Re: [PATCH 1/2] exit: add a tracepoint for profiling a task that is starting to exit

From: Wen Yang
Date: Fri Feb 23 2024 - 00:18:06 EST




On 2024/2/23 00:25, Mathieu Desnoyers wrote:
On 2024-02-22 11:04, wenyang.linux@xxxxxxxxxxx wrote:
From: Wen Yang <wenyang.linux@xxxxxxxxxxx>

Currently coredump_task_exit() takes some time to wait for the generation
of the dump file.
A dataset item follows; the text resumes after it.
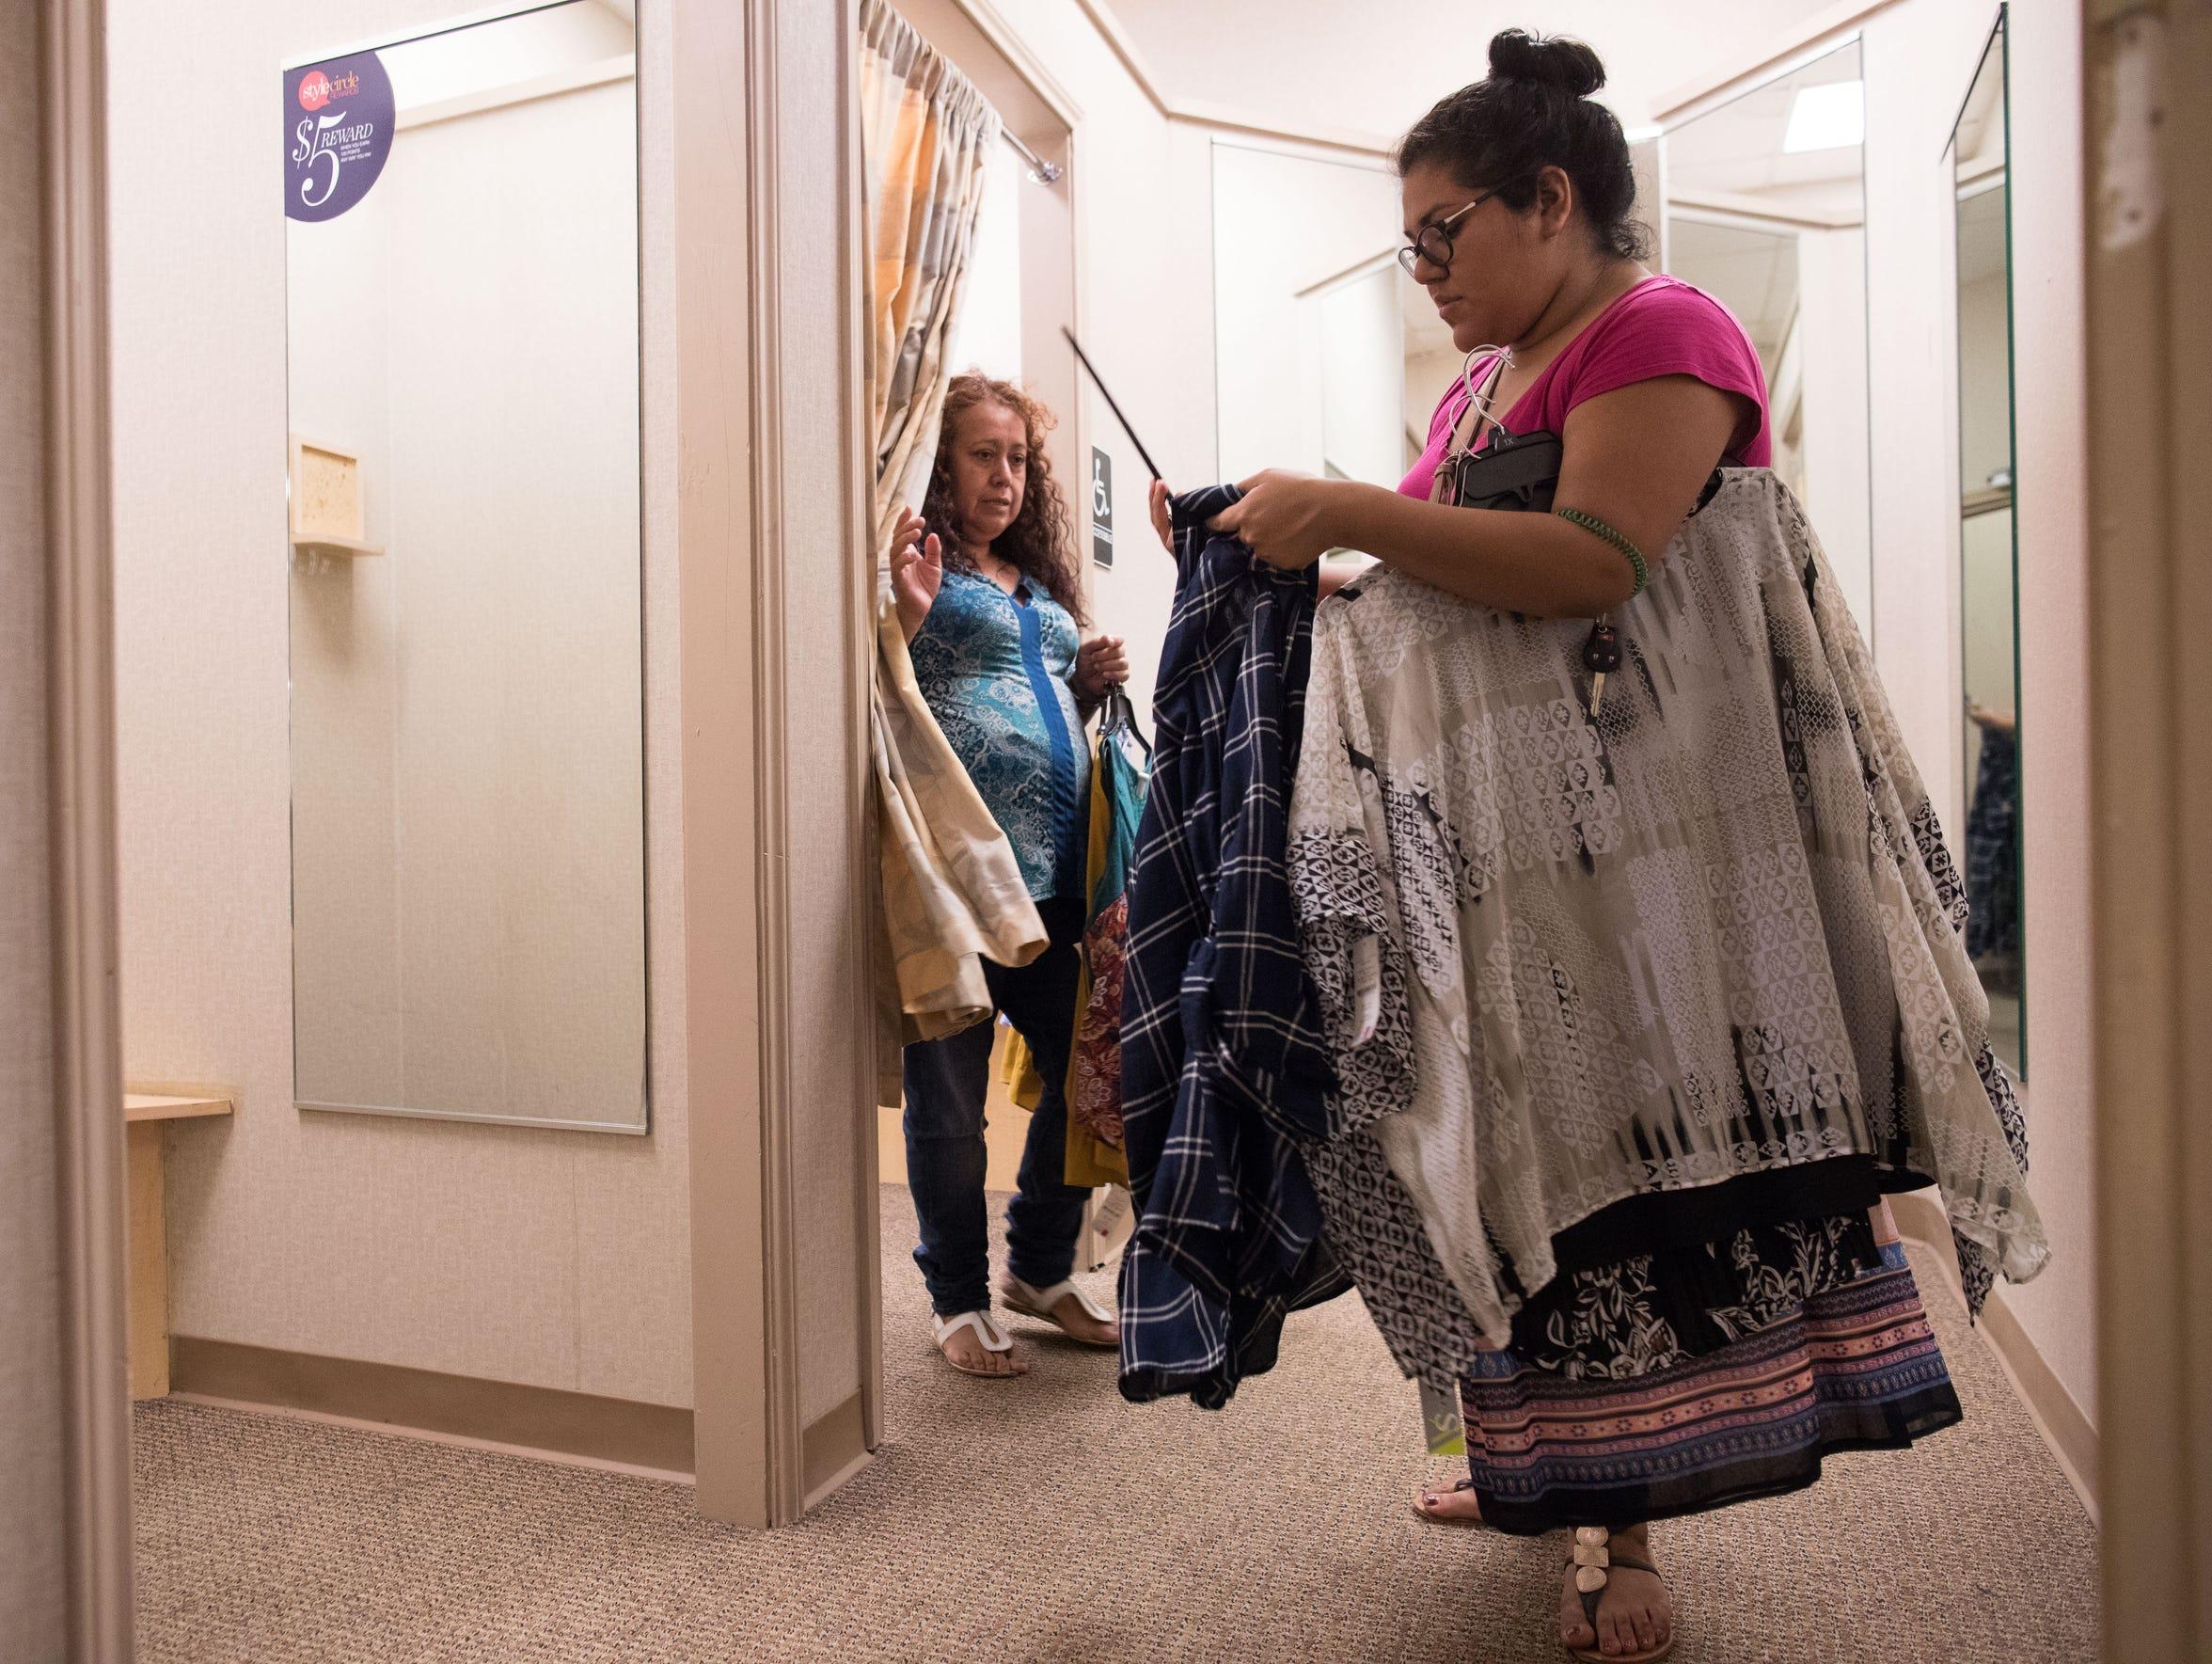 Maria Hernandez helps her mother Carlota Palomo pick
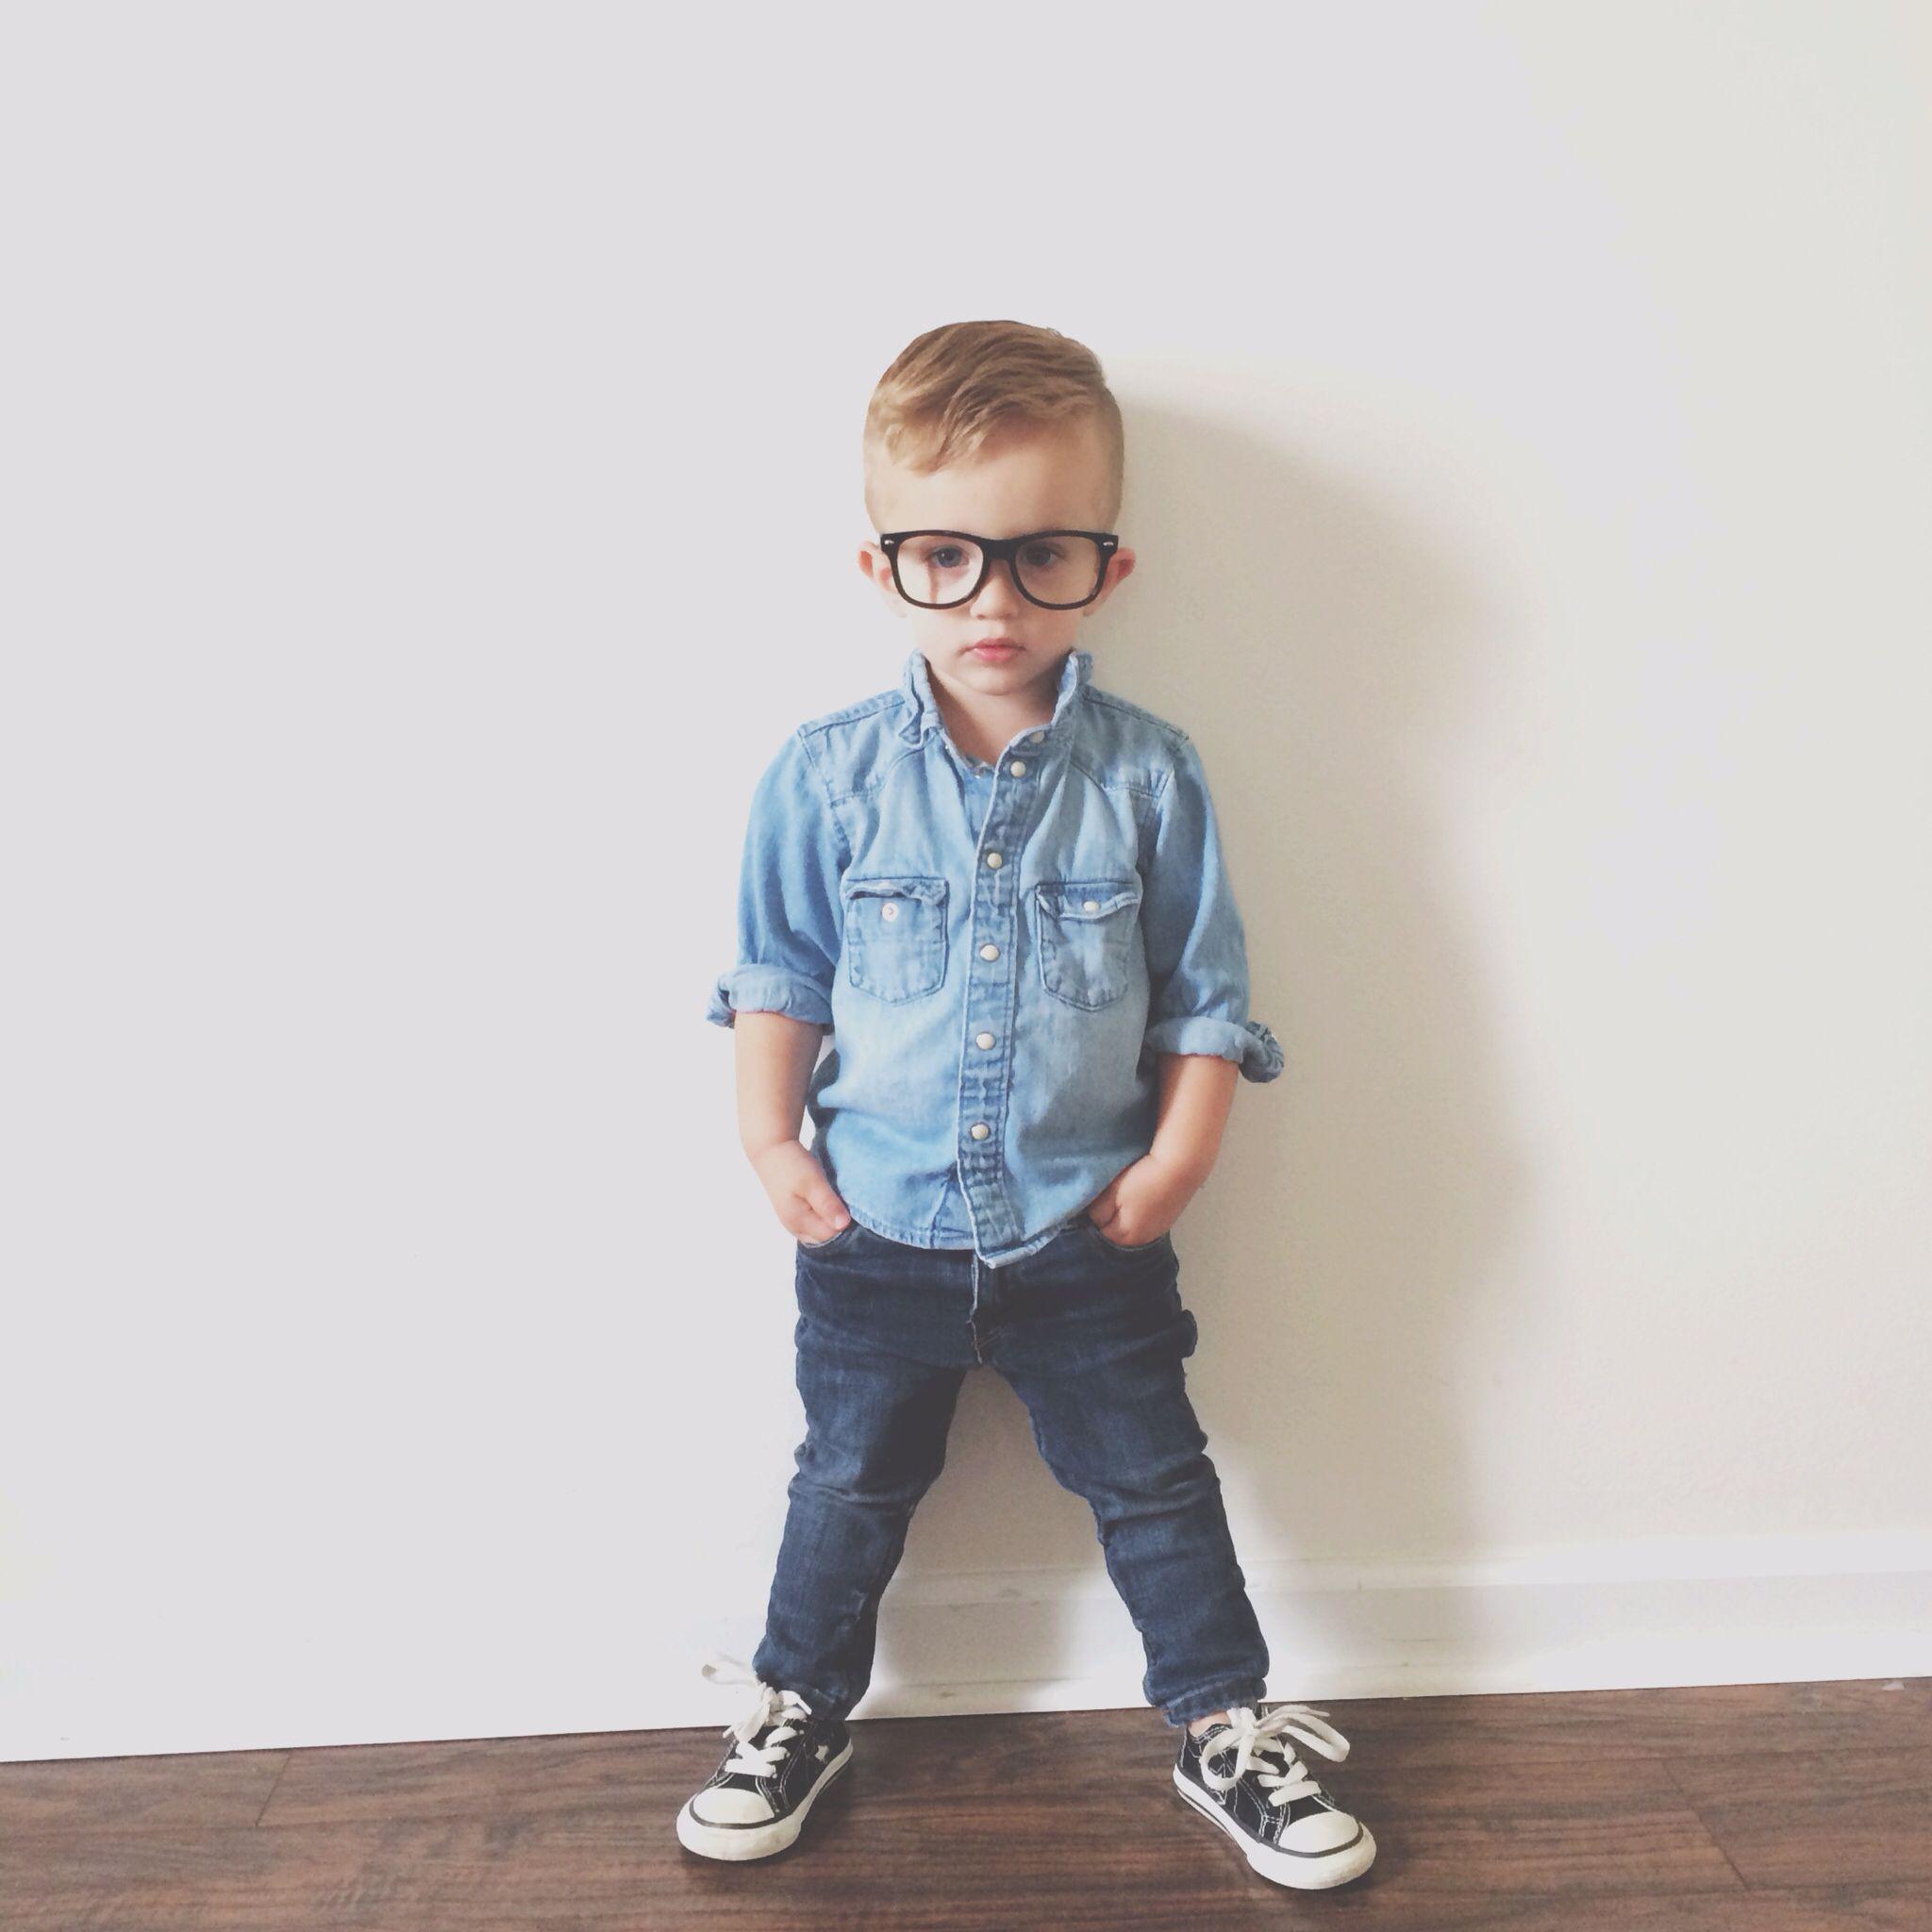 118a3092c25d Baby boy fashion via sarahknuth on Instagram. Menino Estiloso

But if the user-space wants to receive a notification
as soon as possible it maybe inconvenient.

Commit 2d4bcf886e42 ("exit: Remove profile_task_exit & profile_munmap")
simplified the code, but also removed profile_task_exit(), which may
prevent third-party kernel modules from detecting process exits timely.

Add the new trace_sched_profile_task_exit() this way a user-space monitor
could detect the exits and potentially make some preparations in advance.

I don't see any explanation justifying adding an extra tracepoint
rather than just moving trace_sched_process_exit() earlier in do_exit().

Why is moving trace_sched_process_exit() earlier in do_exit() an issue,
considering that any tracer interested in knowing the point where a task
is really reclaimed (from zombie state) is trace_sched_process_free()
called from delayed_put_task_struct() ?

Thanks,

Mathieu


Thanks.
We will make the modifications according to your suggestions.

--
Best wishes,
Wen


Signed-off-by: Wen Yang <wenyang.linux@xxxxxxxxxxx>
Cc: Oleg Nesterov <oleg@xxxxxxxxxx>
Cc: Steven Rostedt <rostedt@xxxxxxxxxxx>
Cc: Masami Hiramatsu <mhiramat@xxxxxxxxxx>
Cc: Mathieu Desnoyers <mathieu.desnoyers@xxxxxxxxxxxx>
Cc: Ingo Molnar <mingo@xxxxxxxxxx>
Cc: Mel Gorman <mgorman@xxxxxxxxxxxxxxxxxxx>
Cc: Peter Zijlstra <peterz@xxxxxxxxxxxxx>
Cc: linux-kernel@xxxxxxxxxxxxxxx
---
  include/trace/events/sched.h | 28 ++++++++++++++++++++++++++++
  kernel/exit.c                |  1 +
  2 files changed, 29 insertions(+)

diff --git a/include/trace/events/sched.h b/include/trace/events/sched.h
index dbb01b4b7451..750b2f0bdf69 100644
--- a/include/trace/events/sched.h
+++ b/include/trace/events/sched.h
@@ -341,6 +341,34 @@ DEFINE_EVENT(sched_process_template, sched_wait_task,
      TP_PROTO(struct task_struct *p),
      TP_ARGS(p));
+/*
+ * Tracepoint for profiling a task that is starting to exit:
+ */
+TRACE_EVENT(sched_profile_task_exit,
+
+    TP_PROTO(struct task_struct *task, long code),
+
+    TP_ARGS(task, code),
+
+    TP_STRUCT__entry(
+        __array(    char,    comm,    TASK_COMM_LEN    )
+        __field(    pid_t,    pid            )
+        __field(    int,    prio            )
+        __field(    long,    code            )
+    ),
+
+    TP_fast_assign(
+        memcpy(__entry->comm, task->comm, TASK_COMM_LEN);
+        __entry->pid        = task->pid;
+        __entry->prio        = task->prio;
+        __entry->code        = code;
+    ),
+
+    TP_printk("comm=%s pid=%d prio=%d exit_code=0x%lx",
+          __entry->comm, __entry->pid, __entry->prio,
+          __entry->code)
+);
+
  /*
   * Tracepoint for a waiting task:
   */
diff --git a/kernel/exit.c b/kernel/exit.c
index 493647fd7c07..f675f879a1b2 100644
--- a/kernel/exit.c
+++ b/kernel/exit.c
@@ -826,6 +826,7 @@ void __noreturn do_exit(long code)
      WARN_ON(tsk->plug);
+    trace_sched_profile_task_exit(tsk, code);
      kcov_task_exit(tsk);
      kmsan_task_exit(tsk);